■ TASK INSTRUCTIONS ■
With pictures left out, output word for word the lines from the one containing "大陸媒體報道稱,中共央行允許人民幣貶值,但不願失守6.7。(大紀元資料室)" through the end of the material below.

■ RECORDED DATA ■
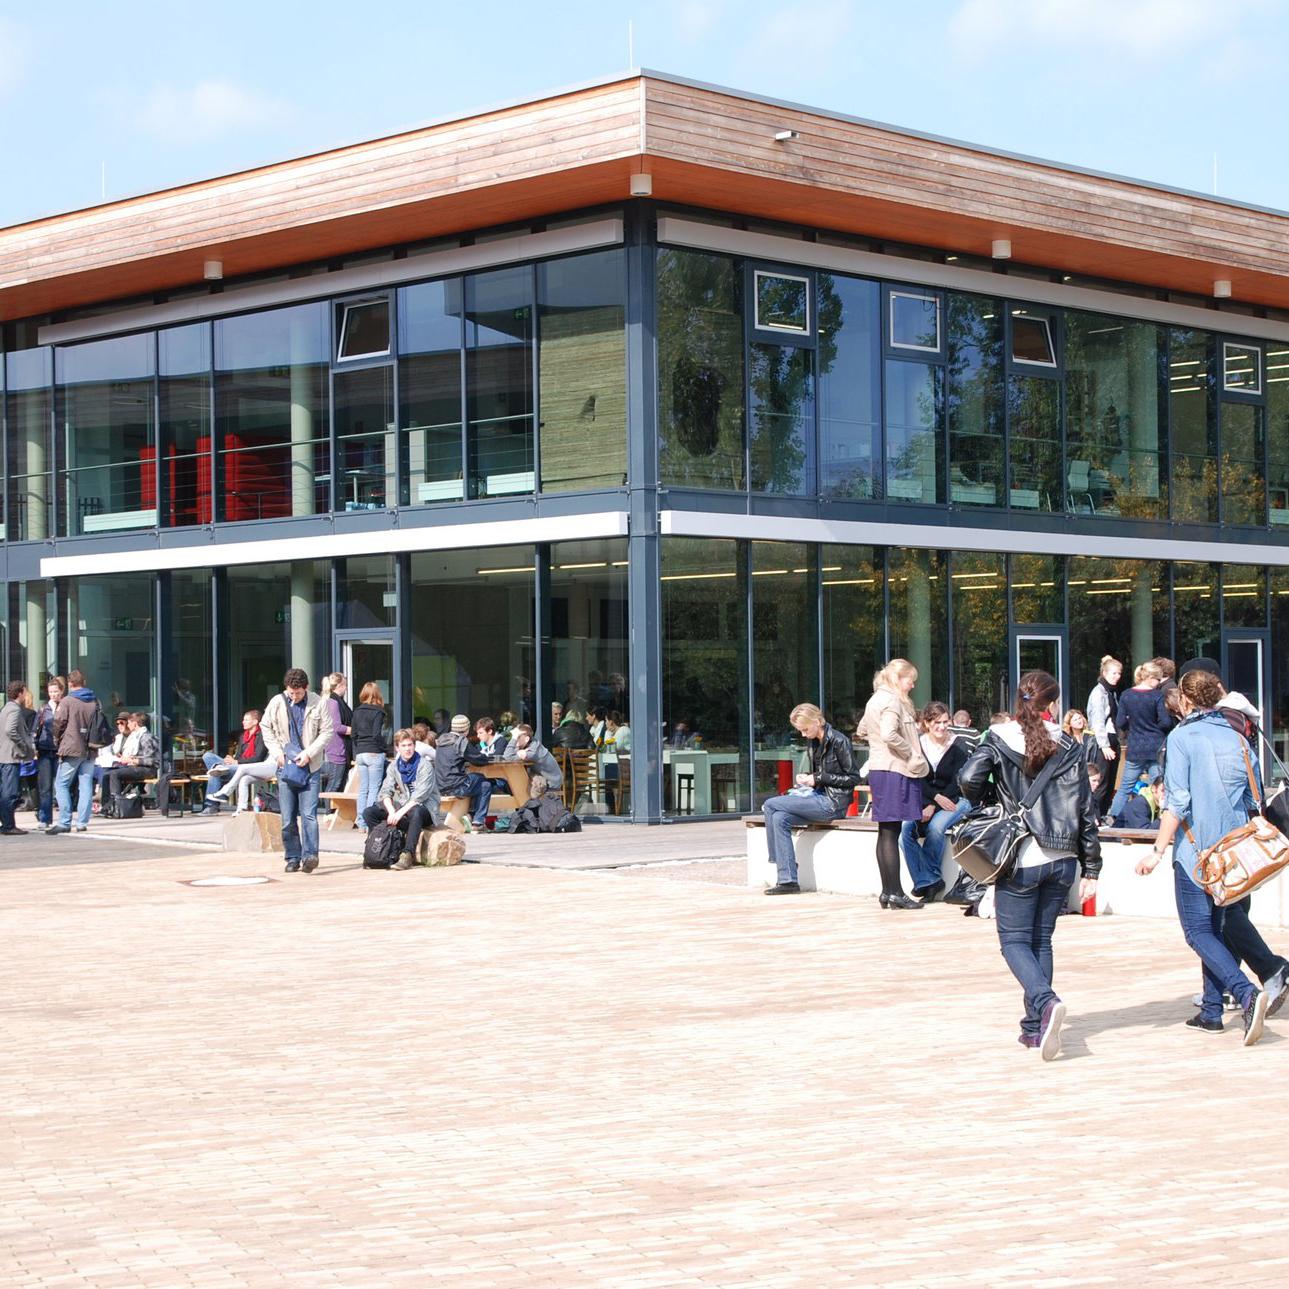 Die Studierenden der Alanus Hochschule für Kunst und Gesellschaft bewegen sich auf dem Campus
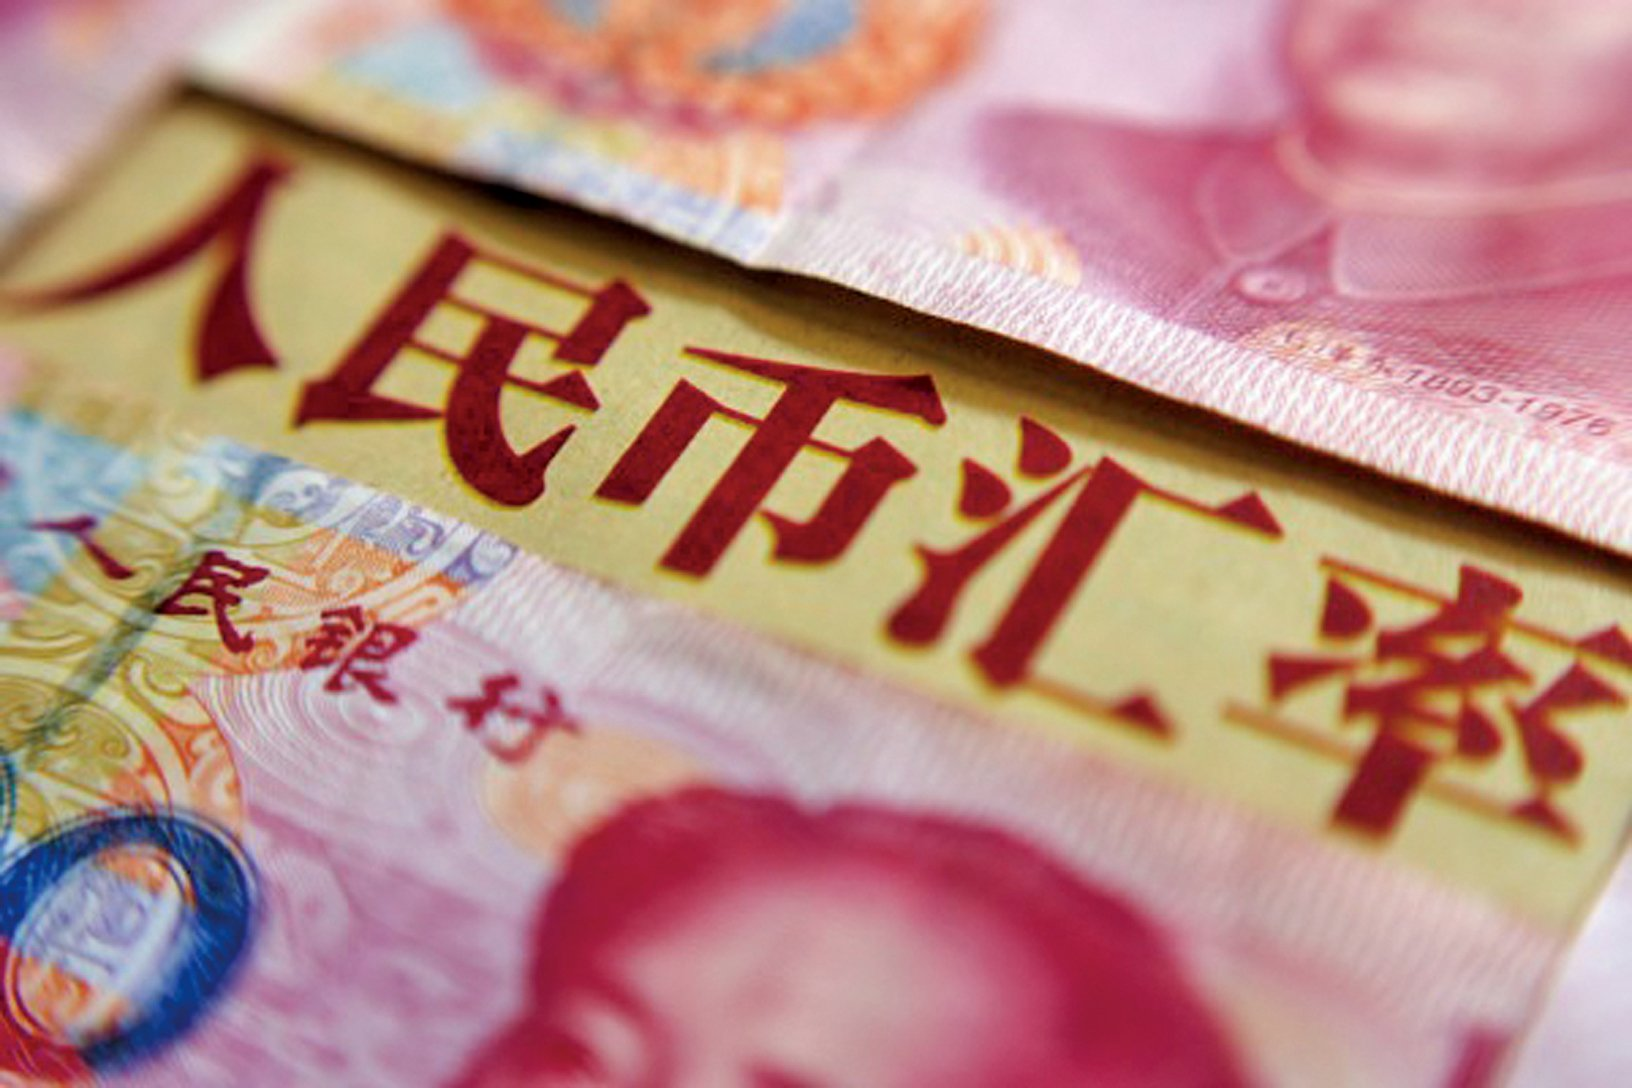 大陸媒體報道稱,中共央行允許人民幣貶值,但不願失守6.7。(大紀元資料室)
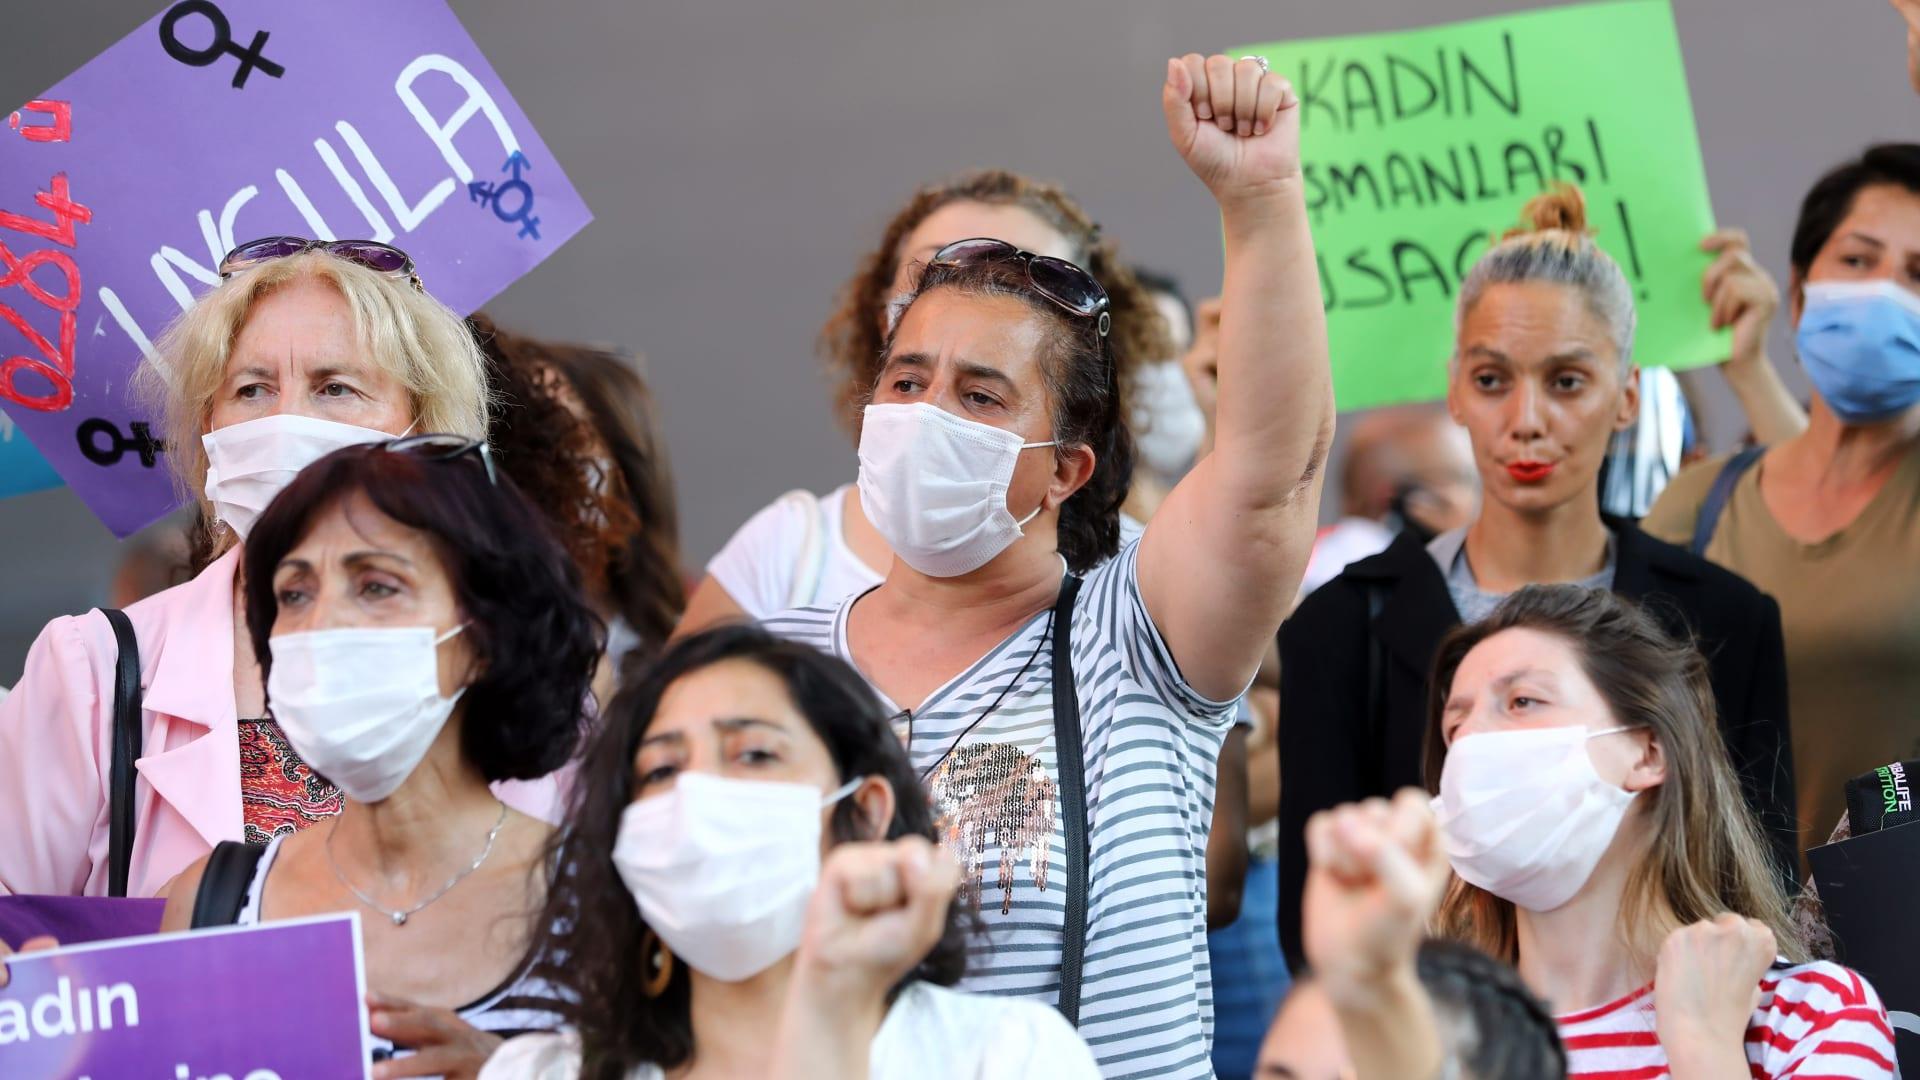 منظمة الصحة العالمية: تتعرض 1 من 3 نساء للعنف بالعالم ولا يعكس هذا الرقم تأثير جائحة كورونا

■ SOLUTION FOR THIS PROBLEM ■
 大陸媒體報道稱,中共央行允許人民幣貶值,但不願失守6.7。(大紀元資料室)
 منظمة الصحة العالمية: تتعرض 1 من 3 نساء للعنف بالعالم ولا يعكس هذا الرقم تأثير جائحة كورونا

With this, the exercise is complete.